ISEF | Projects Database | Finalist Abstract

Back to Search Results | Print PDF

Using Subpixel Interpolation and Deep Learning Convolution Models To Compress Domain-Specific Audio Waveforms

Booth Id:
ROBO058

Category:
Robotics and Intelligent Machines

Year:
2022

Finalist Names:
Nayak, Nikhil (School: Sunset High School)

Abstract:
Audio streaming has become more prevalent in daily life through music, phone calls, and online meetings, among other applications. However, effectively streaming high-quality audio poses a challenge in areas with low internet bandwidth. While current solutions exist, traditional codecs like MP3 or AAC use deterministic algorithms for compression, limiting their effectiveness.

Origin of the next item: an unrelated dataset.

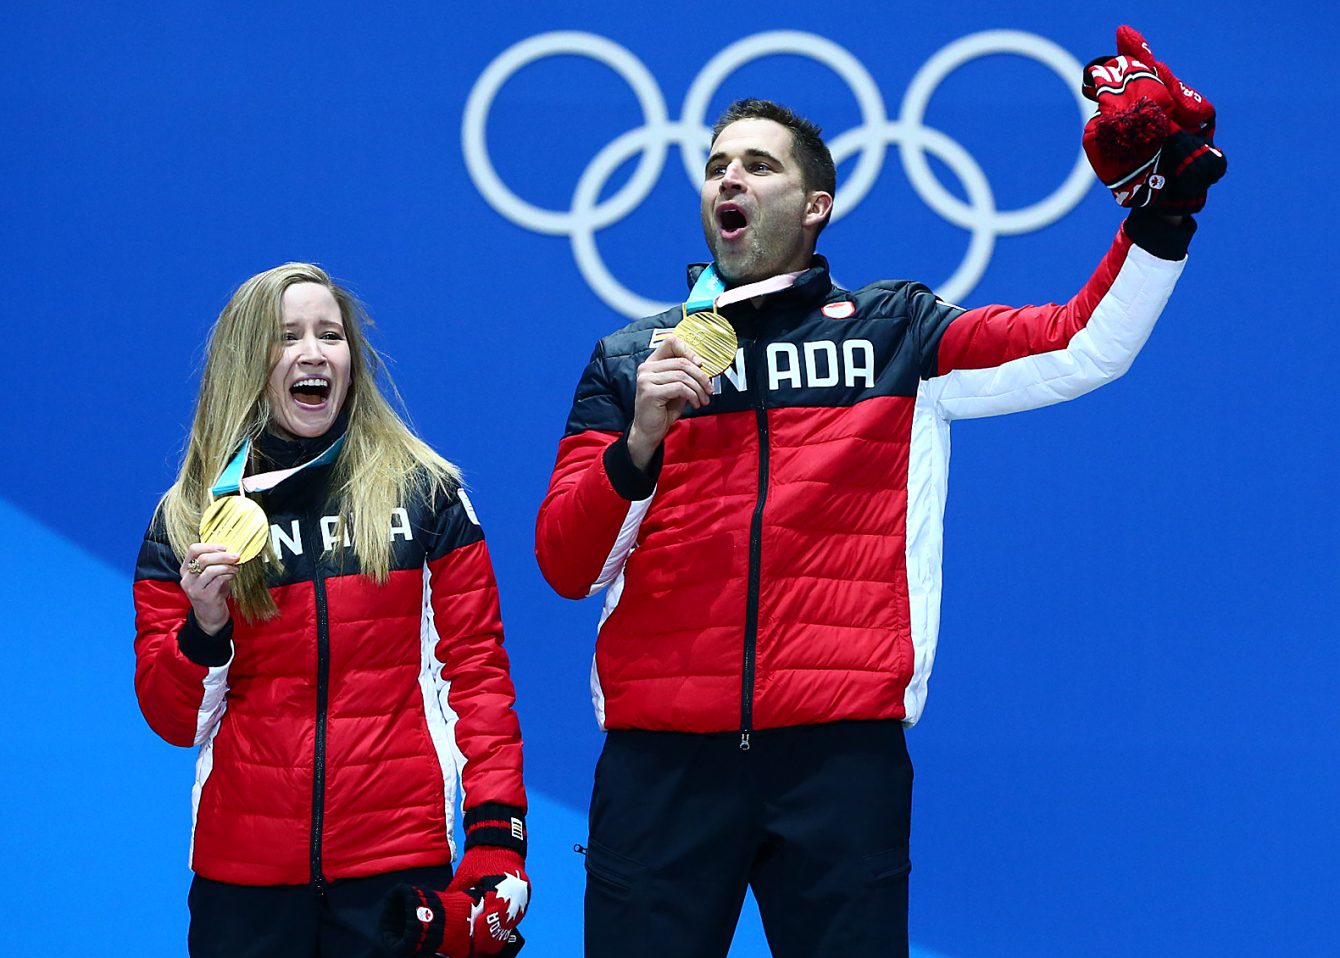 Kaitlyn Lawes et John Morris reçoivent leur médaille d'or en curling double mixte à la Place olympique de PyeongChang 2018, à Gangneung, en Corée du Sud, le 14 février 2018. (Photo : Vaughn Ridley/COC)

An Artificial Intelligence-based audio codec would allow for complex feature recognition in audio, allowing for higher fidelity compression. The Pixl audio codec, developed in this project, applies Artificial Intelligence, Convolutional Neural Networks, and Subpixel Interpolation to faithfully compress and decompress audio at ultra-low bandwidths (4 kbps), allowing for the same quality of compression as MP3 at a tenth of its size. Pixl allows for sequential encoding, acting as an interposer for an existing encoding pipeline (e.g. MP3, AAC, FLAC, OPUS) to increase compression rates without sacrificing audio fidelity. The algorithm uses Sinc interpolation to downsample the original waveform. Subsequently, sets of Convolutional and Subpixel layers are used to reconstruct the original waveform. A perceptual audio metric (CDPAM) is used to compare the original and reconstructed waveforms during training and inference to determine the effectiveness of the codec. The Pixl codec can be applied to various use cases, from high fidelity audio compression in developing nations with limited network access to applications where data storage is a premium. Currently, the Pixl codec supports compression at 44.1KHz from 2-48 kbps bitrates. If further researched, extensible versions of the Pixl codec would be created, allowing for compression for various sample rates and bitrates.

Awards Won:
Central Intelligence Agency: First Award: $1000 award
Third Award of $1,000